# How do you find the zeros of  x^3 - 7x + 6 = 0?

Jun 14, 2016

${x}^{3} - 7 x + 6 = \left(x - 1\right) \left(x - 2\right) \left(x + 3\right)$

#### Explanation:

We use the property that if $\alpha$ is zero of $f \left(x\right)$ i.e. $f \left(\alpha\right) = 0$, then $\left(x - \alpha\right)$ is a factor of $f \left(x\right)$.

As here $f \left(x\right) = {x}^{3} - 7 x + 6$ and $f \left(1\right) = {1}^{3} - 7 \cdot 1 + 6 = 1 - 7 + 6 = 0$

$\left(x - 1\right)$ is a factor of ${x}^{3} - 7 x + 6$.

Now dividing ${x}^{3} - 7 x + 6$ by $\left(x - 1\right)$, we get

${x}^{2} + x - 6$, whose discriminant is ${1}^{2} - 4 \cdot 1 \cdot \left(- 6\right) = 25 = {5}^{2}$, hence factors can be found by splitting middle term.
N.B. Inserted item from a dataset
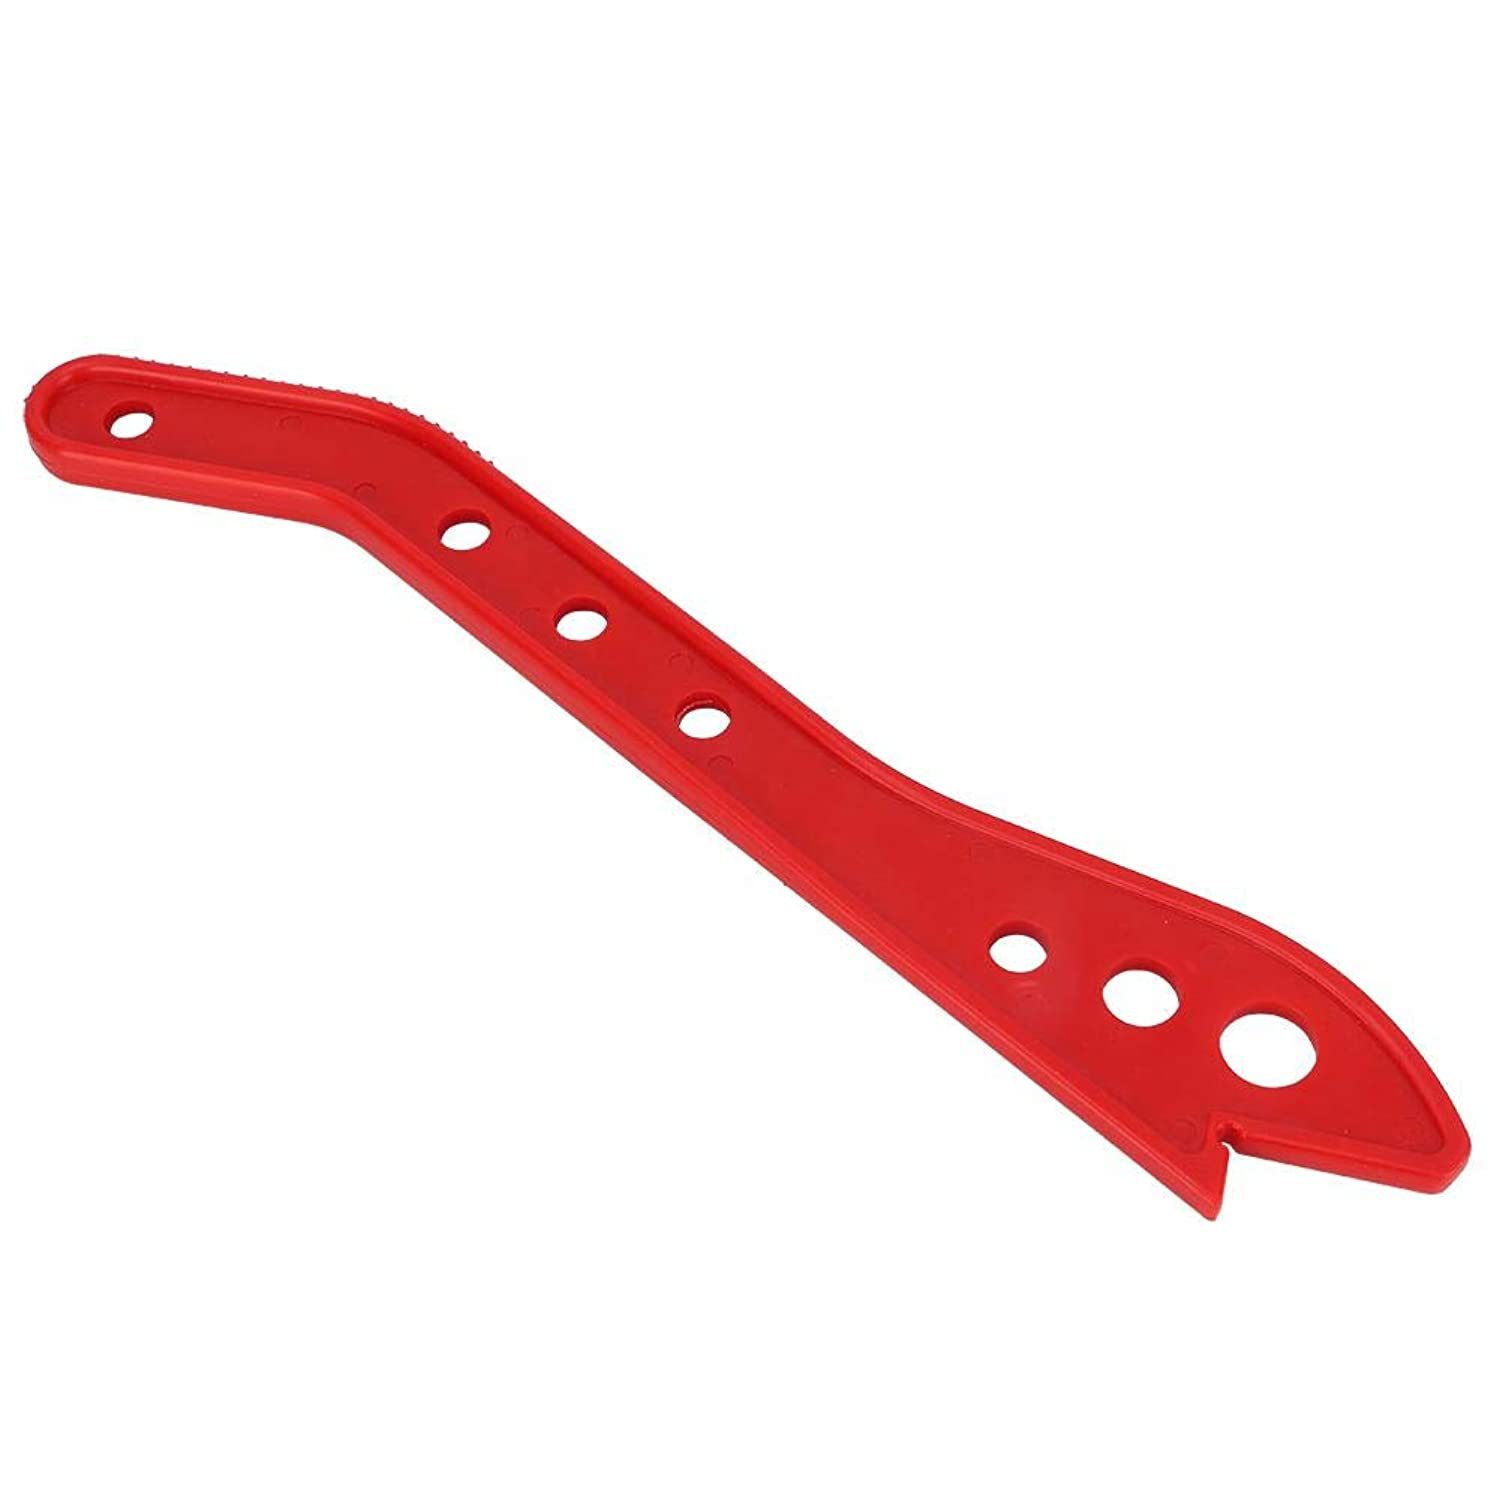 Saw Blade Push Stick, Red Wood Push Stick, Effective Handle-Design Safety Push S

Hence,

${x}^{2} + x - 6 = {x}^{2} + 3 x - 2 x - 6 = x \left(x + 3\right) - 2 \left(x + 3\right) = \left(x - 2\right) \left(x + 3\right)$

Hence, ${x}^{3} - 7 x + 6 = \left(x - 1\right) \left(x - 2\right) \left(x + 3\right)$